Model Accuracy with Best Parameters: 1.00


# Question 10: Imagine you’re working as a data scientist for a healthcare company that wants to predict whether a patient has a certain disease. You have a large dataset with mixed data types and some missing values. Explain the step-by-step process you would follow to: ● Handle the missing values ● Encode the categorical features ● Train a Decision Tree model ● Tune its hyperparameters ● Evaluate its performance And describe what business value this model could provide in the real-world setting.

# Answer:

## **Step 1: Handle Missing Values**

* **Identify missing data**: Explore the dataset to understand which features have missing values and how much is missing.
* **Decide on imputation strategy** based on feature type and missingness:

  * For **numerical features**: Use strategies like mean, median, or more advanced imputation methods (e.g., K-Nearest Neighbors Imputer).
  * For **categorical features**: Impute with the most frequent category or create a separate category like “Unknown.”
* Optionally, **flag missing values** with new binary features indicating “missingness” if missingness itself is informative.
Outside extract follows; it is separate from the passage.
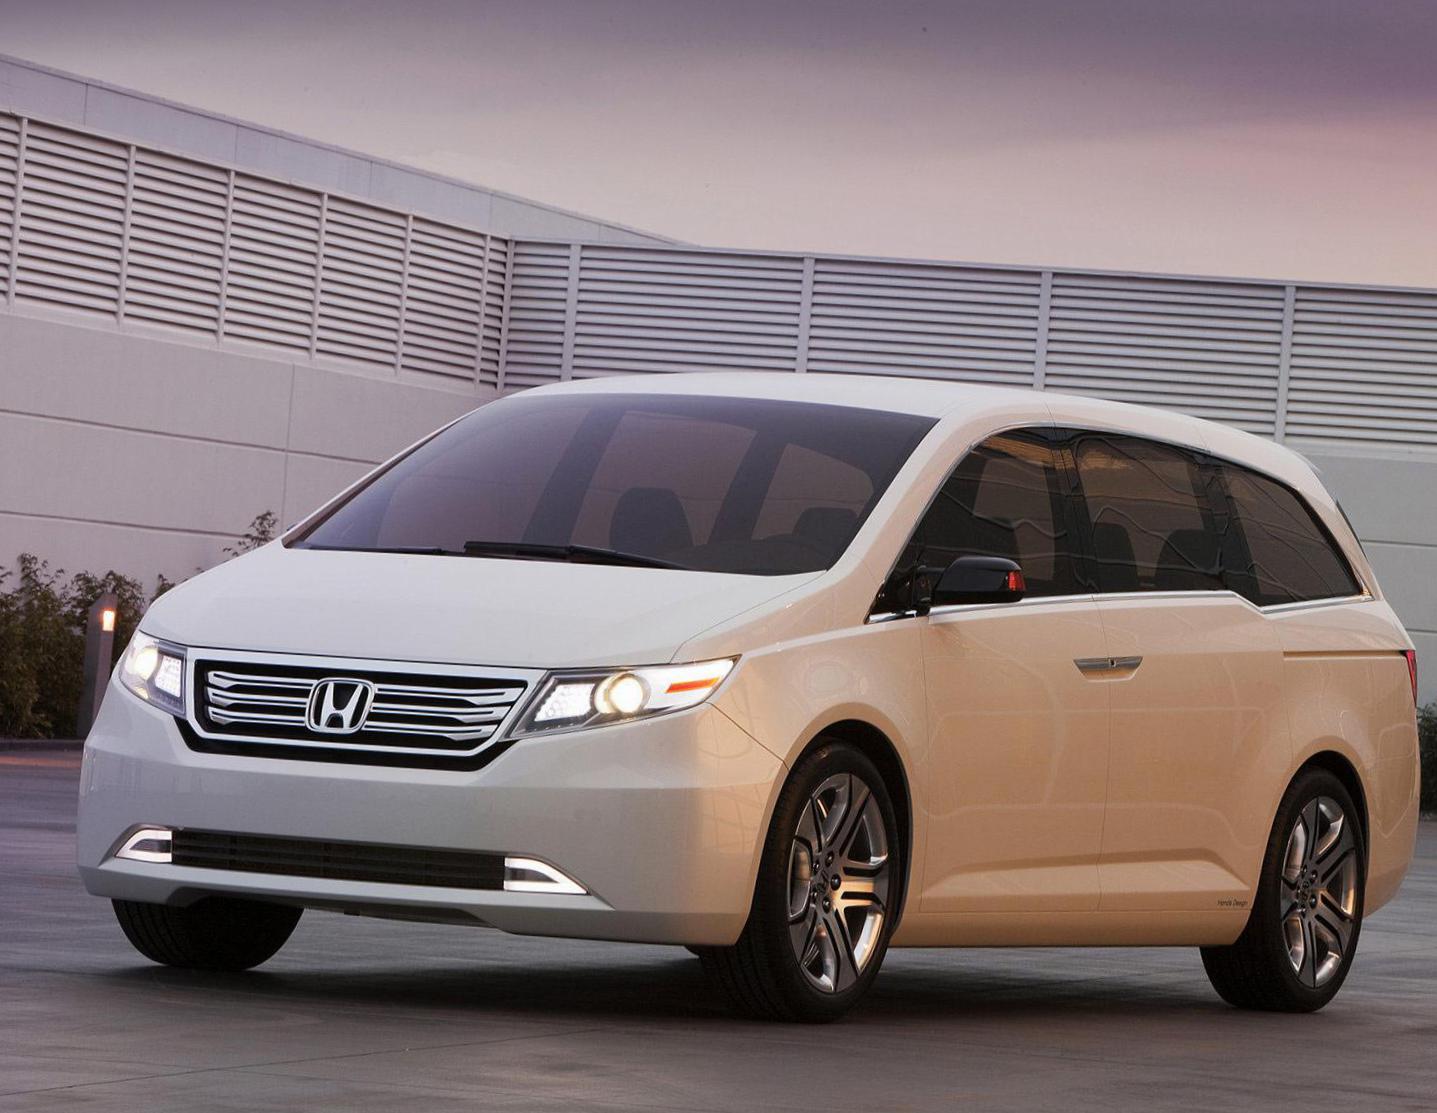 Odyssey Honda prices 2010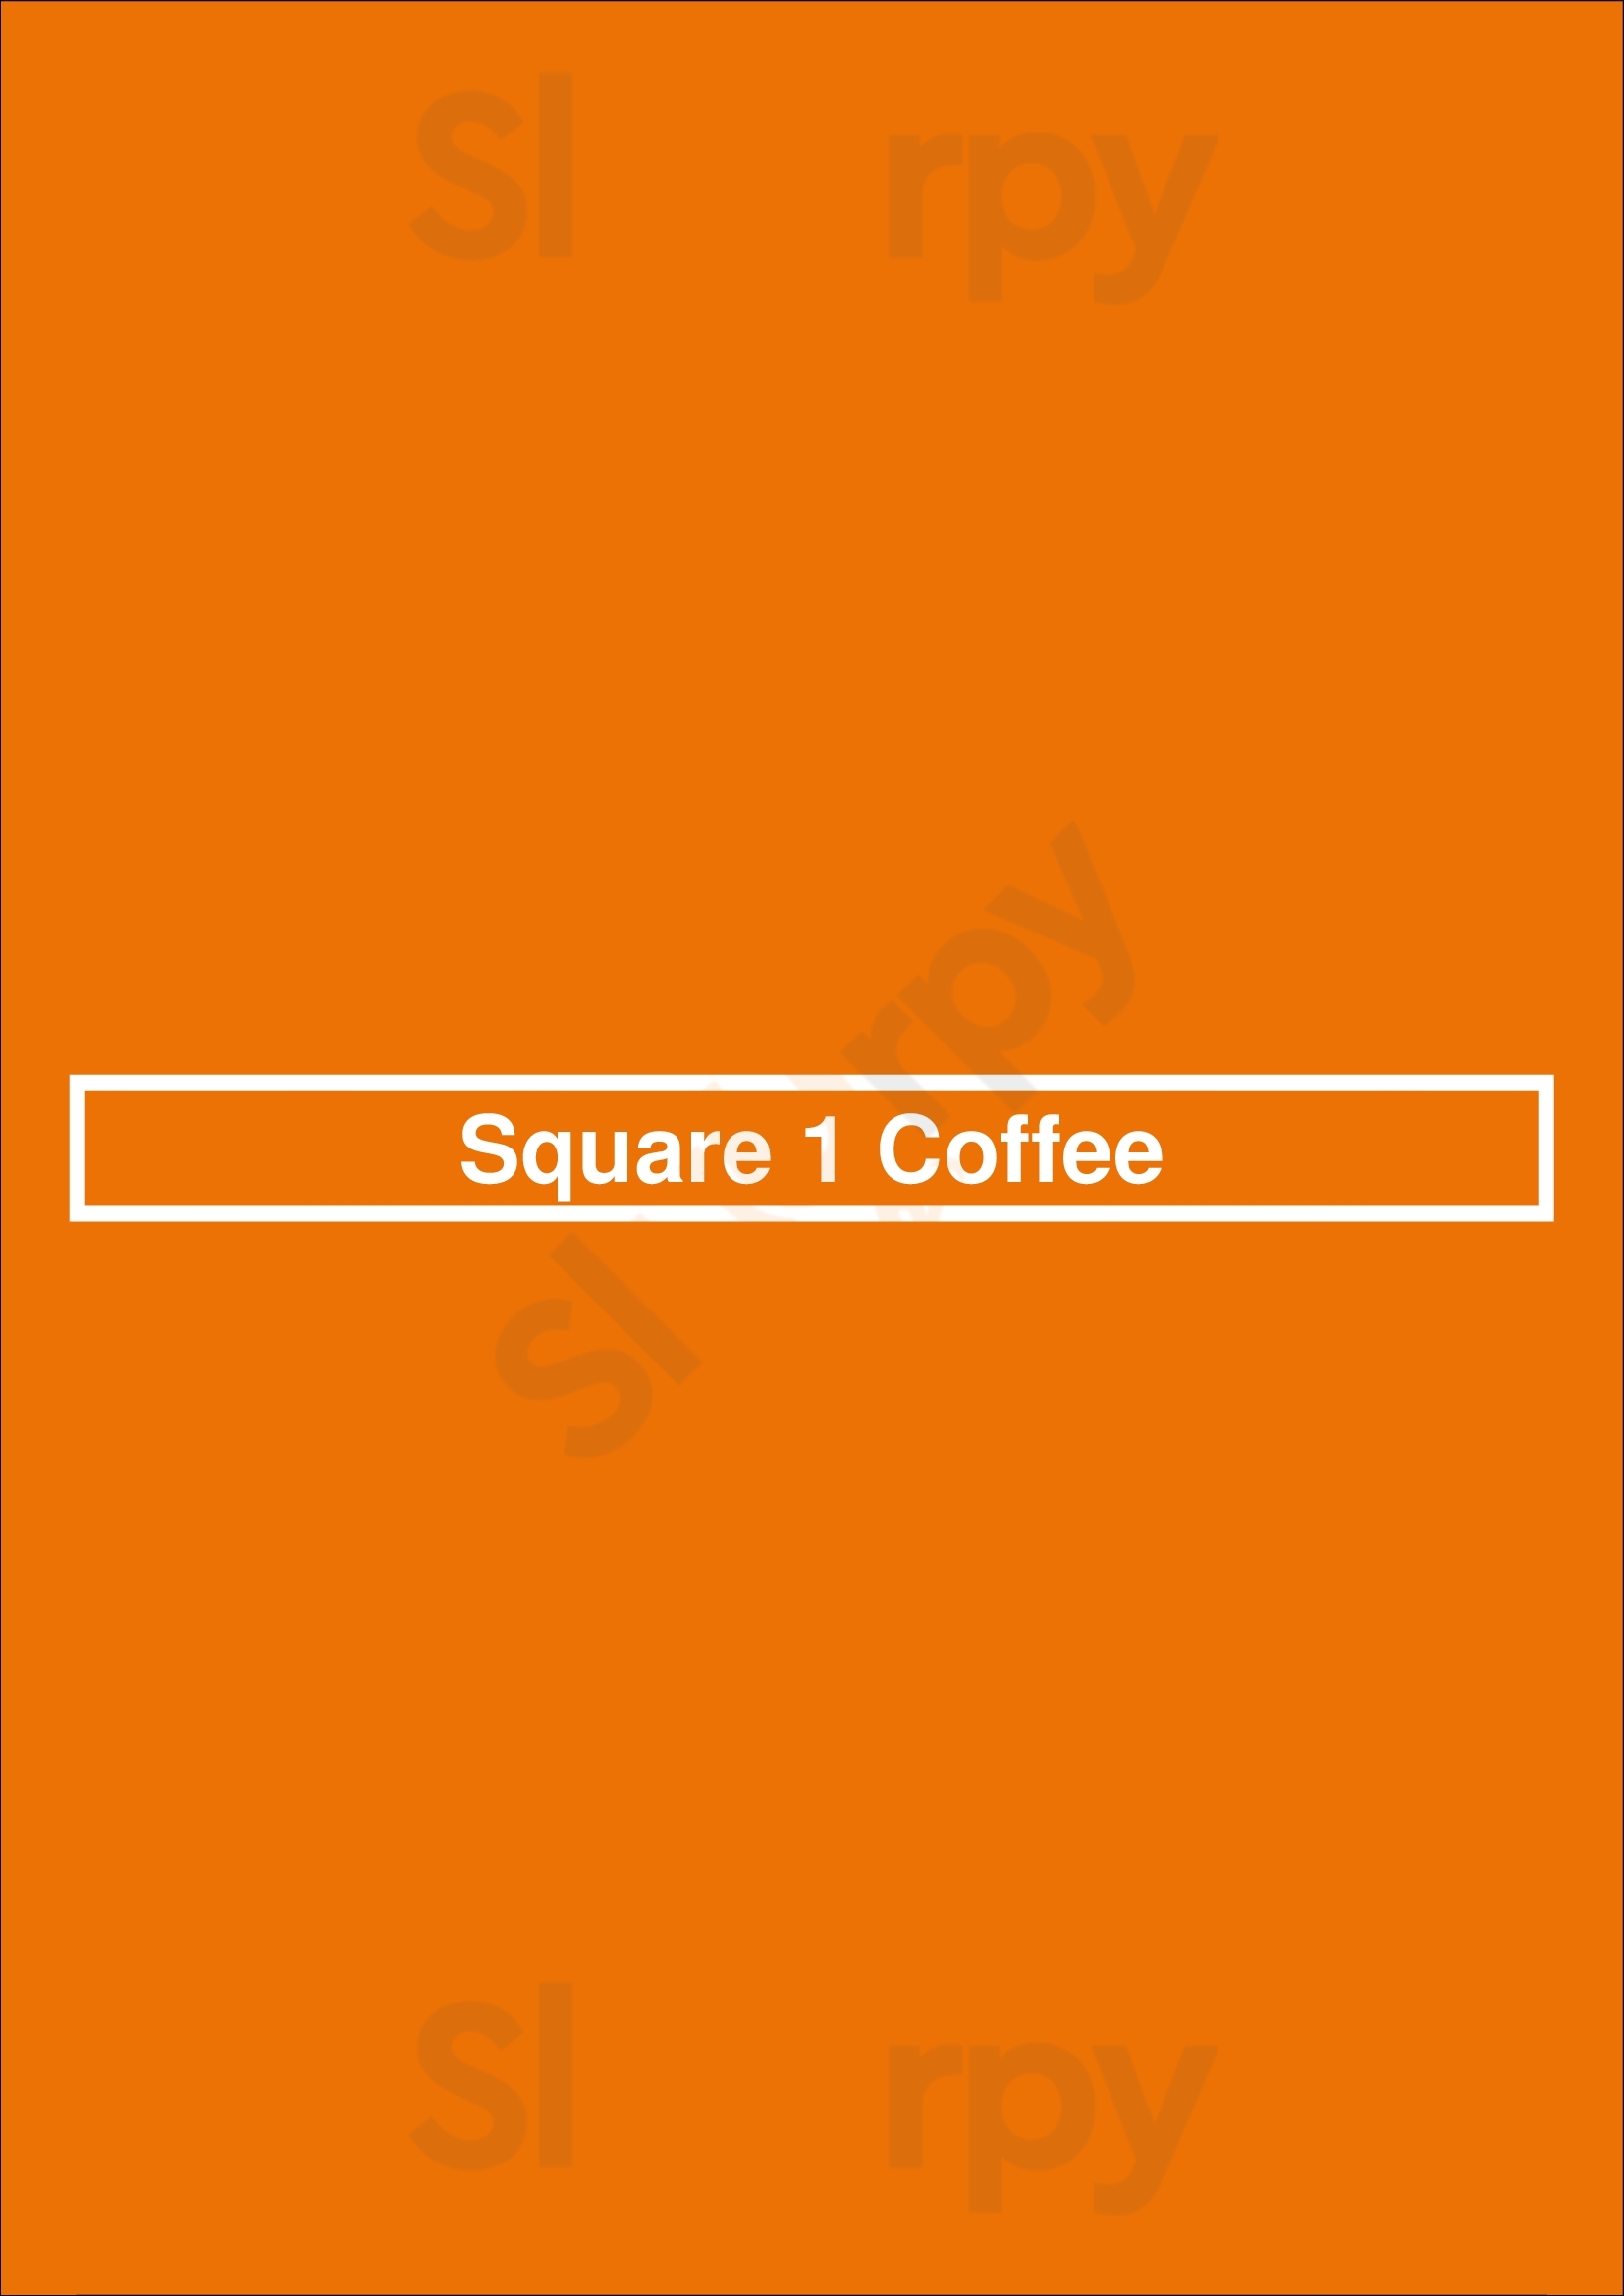 Square 1 Coffee Edmonton Menu - 1

## **Step 2: Encode Categorical Features**

* Use **encoding techniques** suitable for Decision Trees (which can handle categorical variables but sklearn's implementation requires numeric inputs):

  * **Label Encoding** for ordinal categorical features.
  * **One-Hot Encoding** for nominal categorical features with a small number of categories.
* Avoid high-cardinality one-hot encoding; consider **target encoding** or **frequency encoding** if categories are numerous.
* Make sure encoding is consistent between training and test datasets.


## **Step 3: Train a Decision Tree Model**

* Split data into **training** and **validation/test** sets.
* Initialize the Decision Tree Classifier, e.g., with default parameters initially.
* Fit the model on the processed training data.
* Monitor training to check for overfitting (Decision Trees can easily overfit without constraints).


## **Step 4: Tune Hyperparameters**

* Use **hyperparameter tuning** (e.g., GridSearchCV or RandomizedSearchCV) to optimize:

  * `max_depth` (controls tree complexity)
  * `min_samples_split` and `min_samples_leaf` (control minimum data to split/leaf)
  * `criterion` (e.g., Gini vs. Entropy)
  * Others like `max_features`, `max_leaf_nodes`
* Use **cross-validation** during tuning to ensure robust parameter selection.


## **Step 5: Evaluate Performance**

* Evaluate the tuned model on a **held-out test set**.
* Use relevant metrics for classification in healthcare:

  * **Accuracy**: Overall correctness.
  * **Precision and Recall**: Especially recall (sensitivity) to minimize false negatives (missing disease cases).
  * **F1-Score**: Balance between precision and recall.
  * **ROC-AUC**: How well the model separates classes.
* Consider **confusion matrix** to understand error types.
* If the dataset is imbalanced, consider techniques like **SMOTE** or adjusting decision thresholds.


## **Business Value of the Model**

* **Early detection and intervention**: Predicting disease presence early enables timely treatment, potentially saving lives and reducing healthcare costs.
* **Resource optimization**: Helps prioritize patients for further testing or specialist referral, optimizing limited medical resources.
* **Improved patient outcomes**: Proactive care based on prediction can improve prognosis and quality of life.
* **Cost savings**: Prevents unnecessary tests or late-stage treatments by focusing attention where it’s most needed.
* **Data-driven decision making**: Provides clinicians with actionable insights to support diagnosis, supplementing human expertise.